→ **TASK DIRECTIONS**
A letter-for-letter copy of the listing is required, with no pictures in it.

→ **GIVEN MATERIAL**
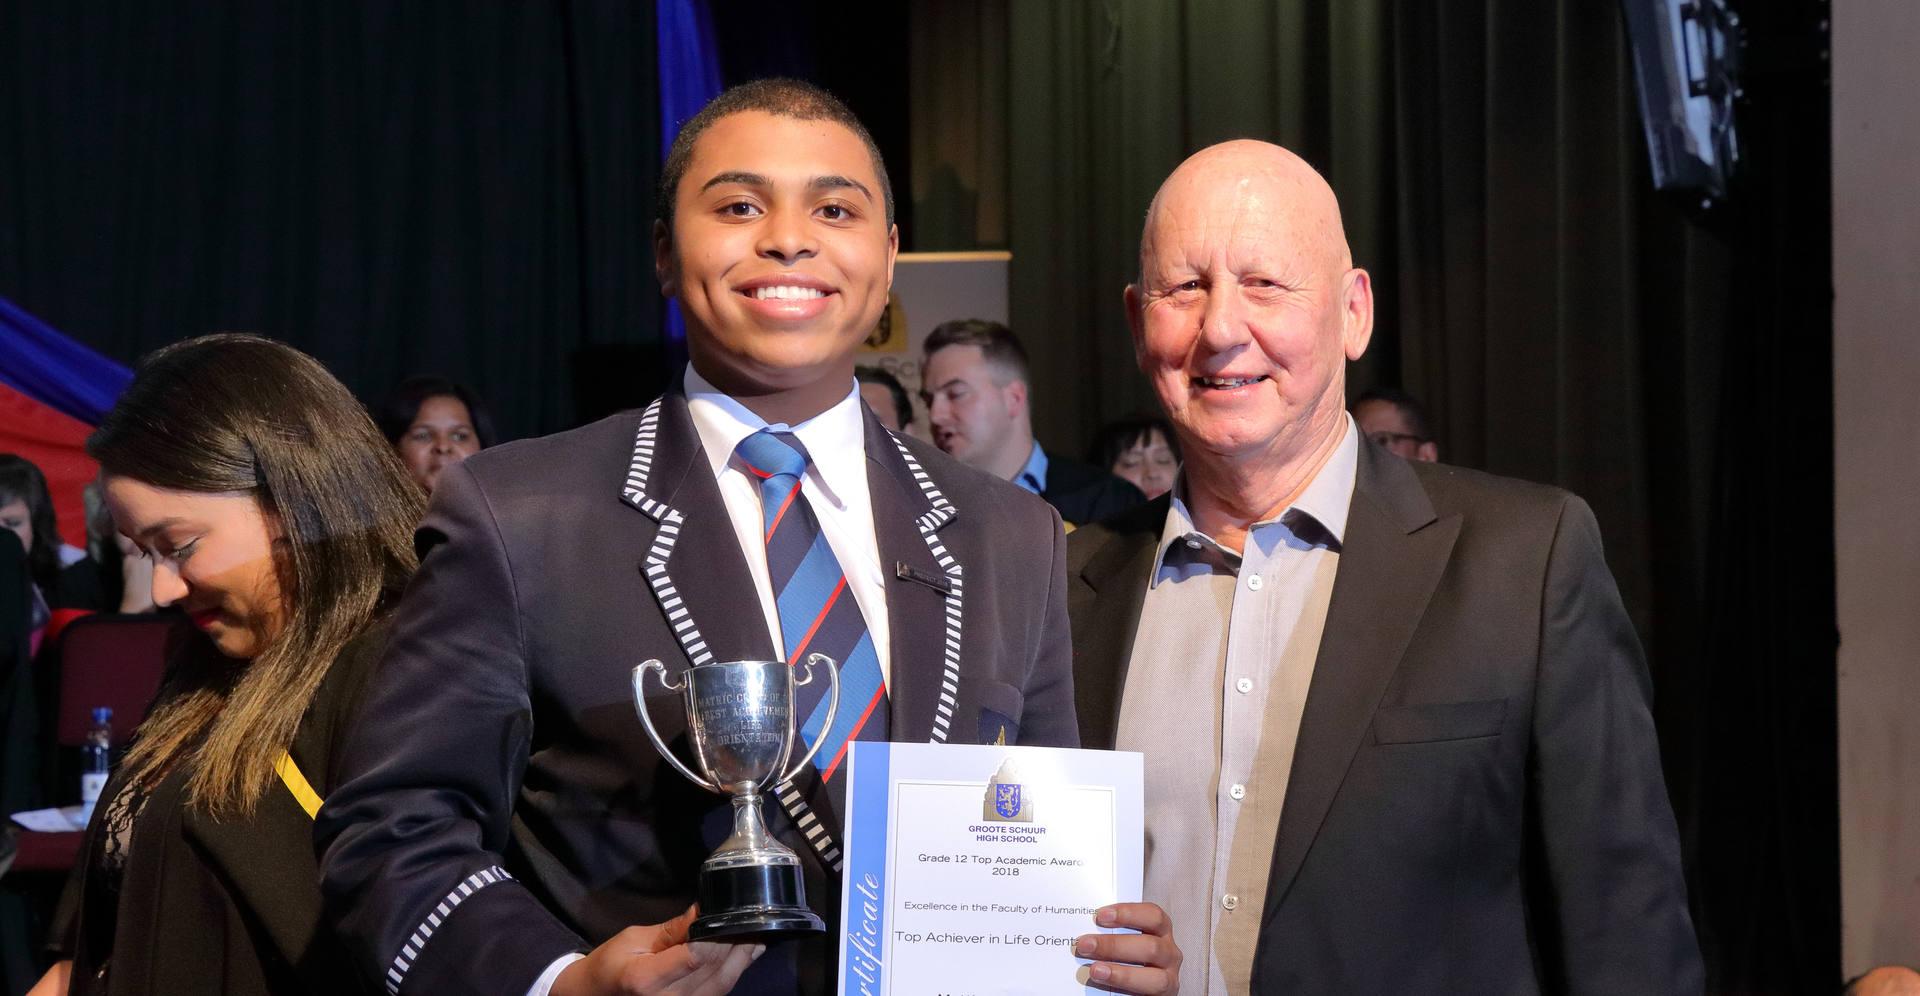 _M Gallant - Award for Academic Excellen
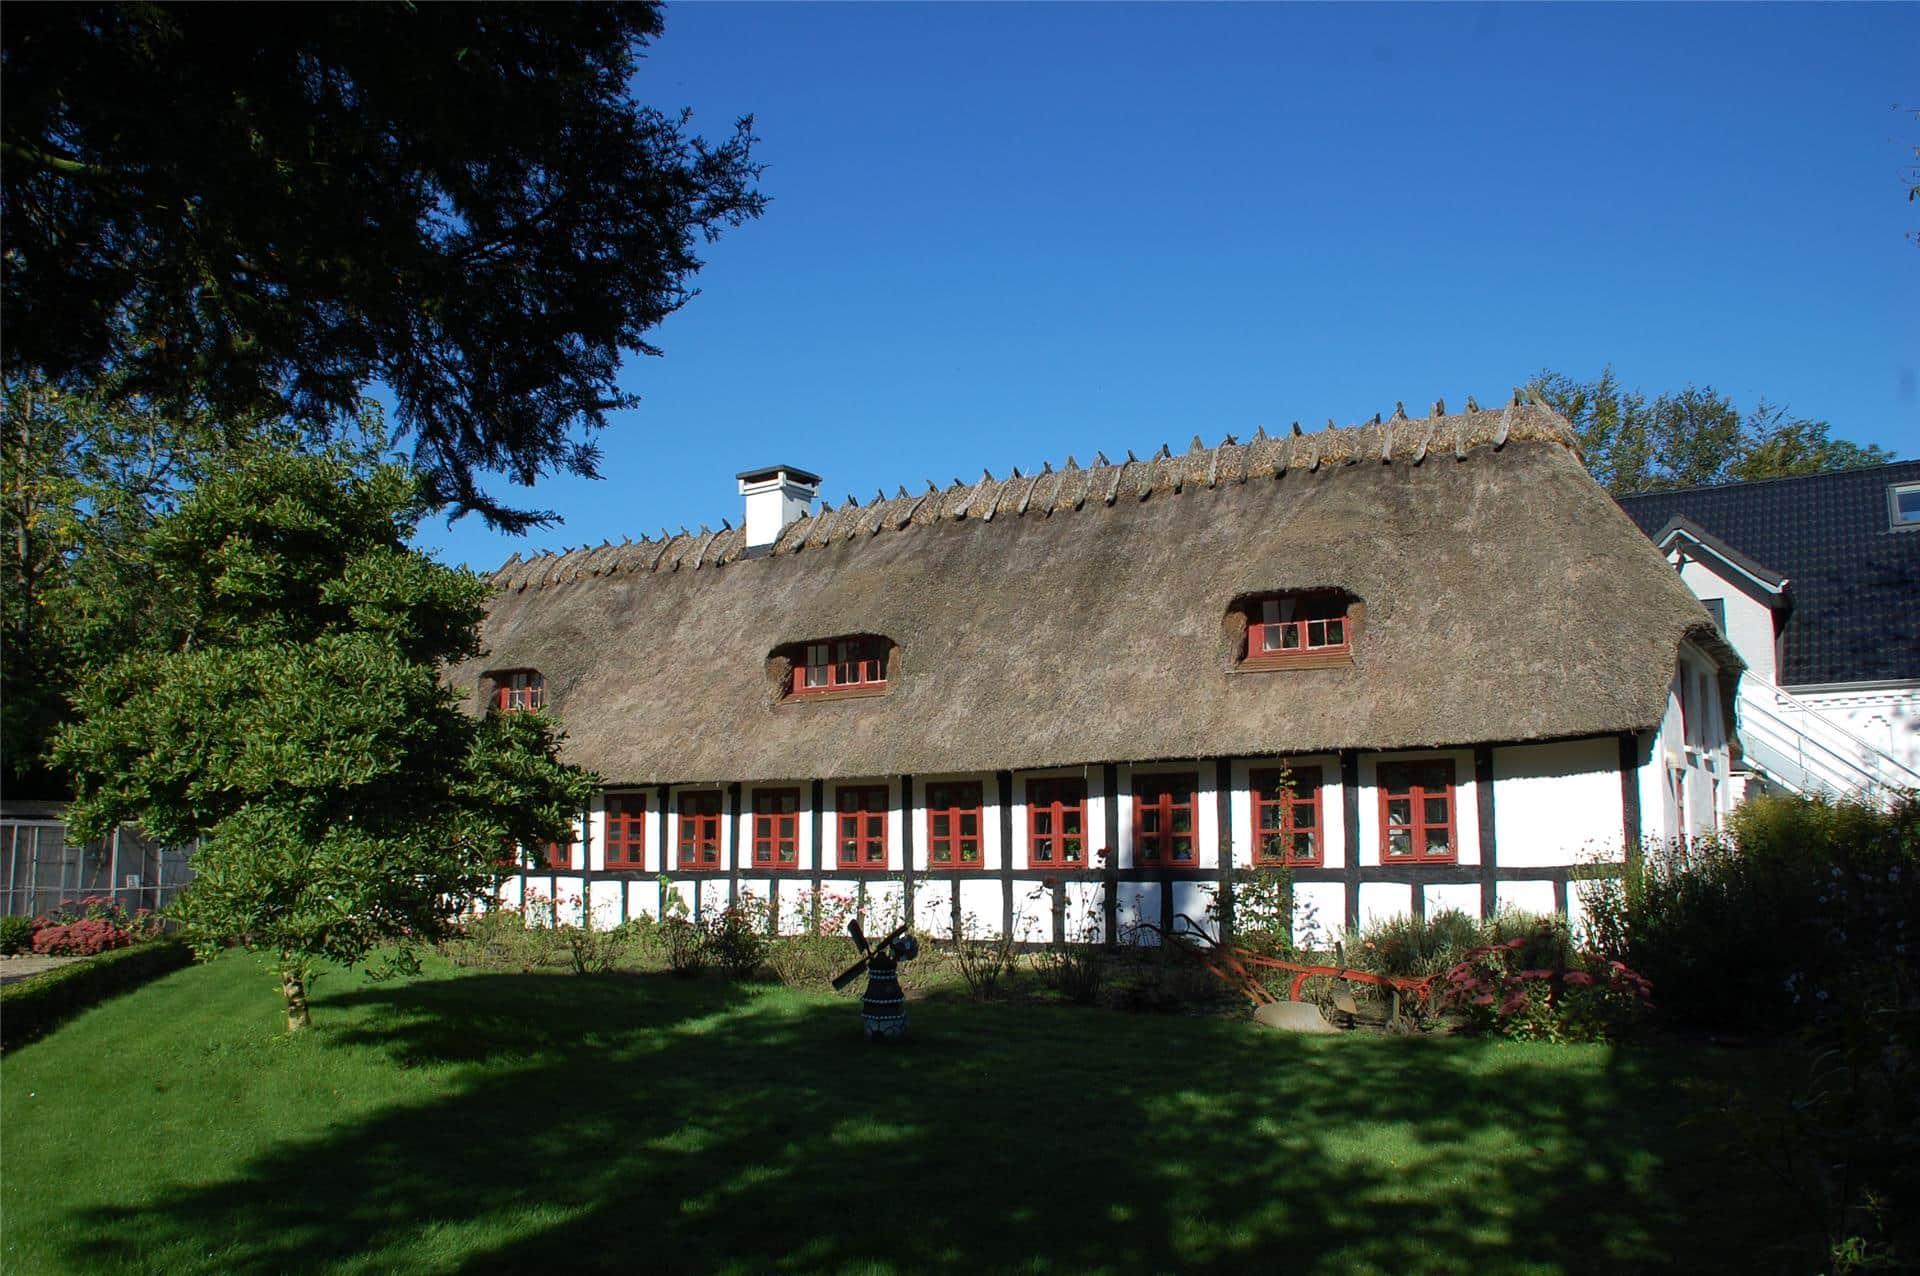 Billede 1-3 Sommerhus M65519, Skovvej 48, DK - 5690 Tommerup
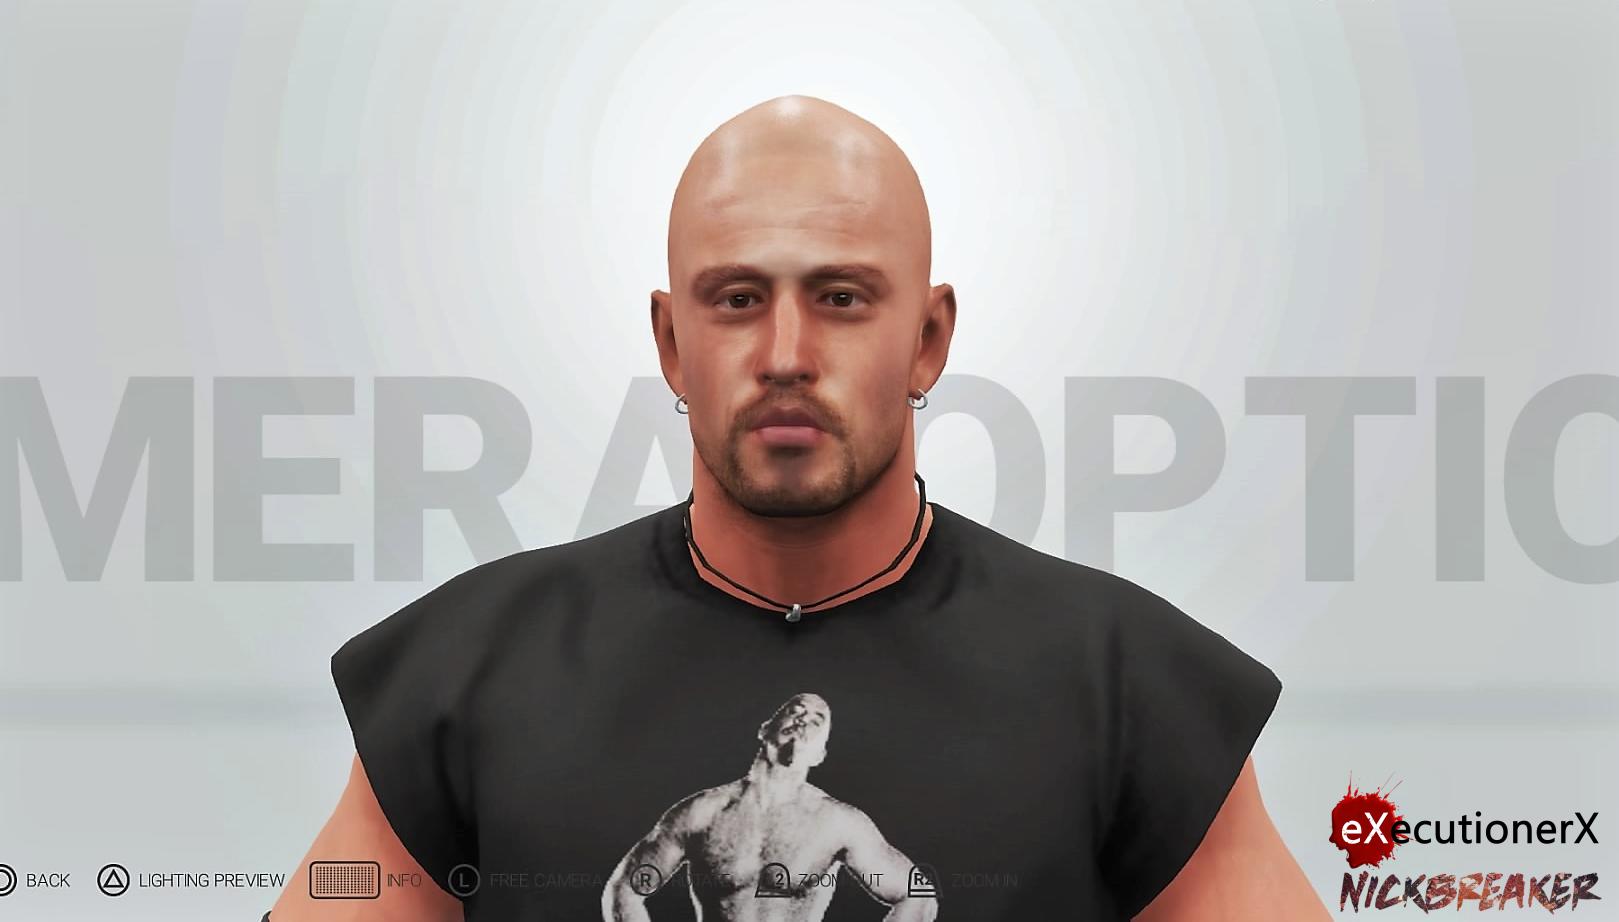 NICKBREAKER.WWE.2K18.2K19.2K20.NXT.ROH.I

→ **ANSWER BOX**
 _M Gallant - Award for Academic Excellen
 Billede 1-3 Sommerhus M65519, Skovvej 48, DK - 5690 Tommerup
 NICKBREAKER.WWE.2K18.2K19.2K20.NXT.ROH.I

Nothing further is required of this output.